Basic Timer Question

Posted: Thu Mar 03, 2022 6:21 pm
by Andrew1234
I am using a pyboard and trying to figure out how to use the timer. I expect the below code to use Timer 1 and call function 'light' at the rate of once per second, and so I expect the LED(4) to toggle each second. The actual result is that the blue LED toggles state once. Can someone tell me why, and how to correct the code?

Code: Select all

def light(led):
    led.toggle()

import pyb 
led = pyb.LED(4)

tim = pyb.Timer(1, freq=1)    # freq in Hz
tim.callback(light(led))

Re: Basic Timer Question

Posted: Thu Mar 03, 2022 6:40 pm
by dhylands
You're passing the results of calling light(led) (which is None) to callback, instead of passing the function light to callback.

Use this instead: tim.callback(light)

The light callback needs to take a single argument, which is the timer its associated with. So you'll either need to make led be a global or perhaps make the callback be a method that's part of a class.

Here's an example that uses a class: https://github.com/dhylands/upy-example ... eat_irq.py and a variant that uses a regular function (much like what you were trying to do): https://github.com/dhylands/upy-example ... _irq_fn.py

It also occured to me that you could so this with a closure, by coding it like this:

Code: Select all

def light(led):
    def light_callback(tim):
        led.toggle()
    return light_callback

tim = pyb.Timer(1, freq=1)
tim.callback(light(led))

Re: Basic Timer Question

Posted: Thu Mar 03, 2022 6:58 pm
by dhylands
Here's a link to my tested example using a closure:
https://github.com/dhylands/upy-example ... closure.py

It looks like tick needs to be a global. I couldn't get it to work as a local to the light function (I suspect that this is a microptyonism).

Re: Basic Timer Question

Posted: Thu Mar 03, 2022 9:27 pm
by Andrew1234
Hi Dave
I adjusted the code based on your response and the example you provided as below:

Code: Select all

import pyb

def light(tim):
    led = pyb.LED(4)
    led.toggle()

tim = pyb.Timer(1, freq=10)    # freq in Hz
tim.callback(light)     
This now works as expected. I left led as a local variable for now.

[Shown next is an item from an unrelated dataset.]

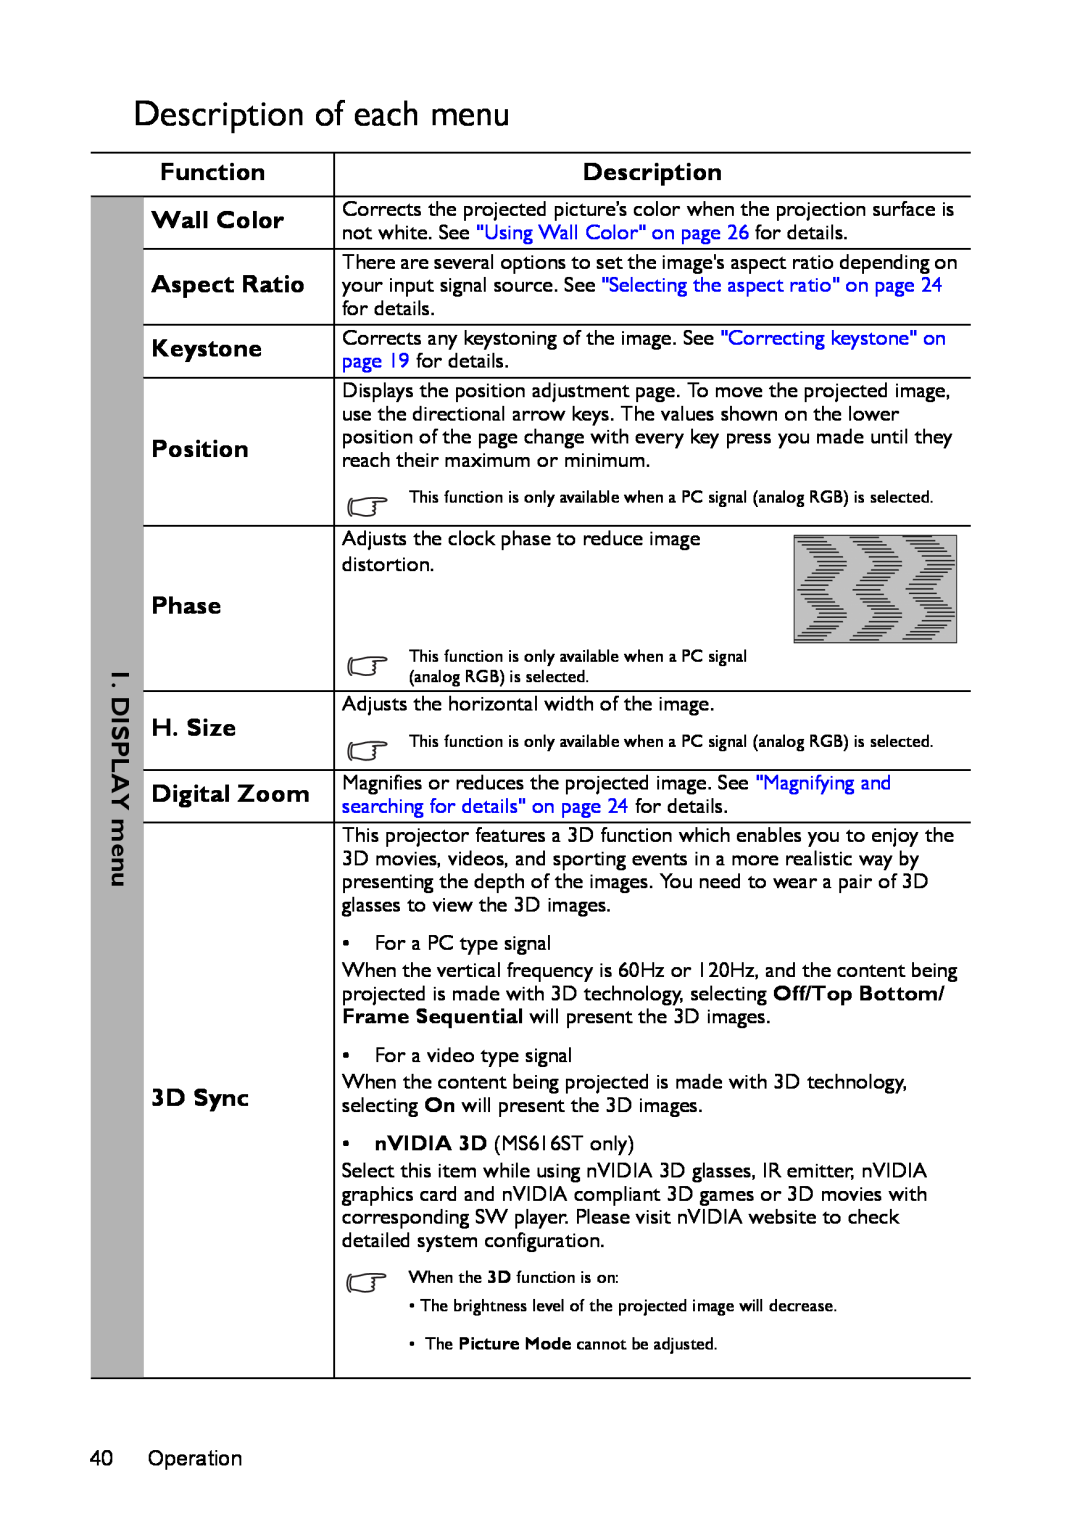 BenQ mx618st, ms616st user manual Description of each menu

I'm a little confused about the function light needing a parameter of the timer object. Is this just the way to properly connect the callback to the function?

Regards
Andy

Re: Basic Timer Question

Posted: Fri Mar 04, 2022 6:04 pm
by dhylands
Andrew1234 wrote:
Thu Mar 03, 2022 9:27 pm
Hi Dave
I adjusted the code based on your response and the example you provided as below:

Code: Select all

import pyb

def light(tim):
    led = pyb.LED(4)
    led.toggle()

tim = pyb.Timer(1, freq=10)    # freq in Hz
tim.callback(light)     
This now works as expected. I left led as a local variable for now.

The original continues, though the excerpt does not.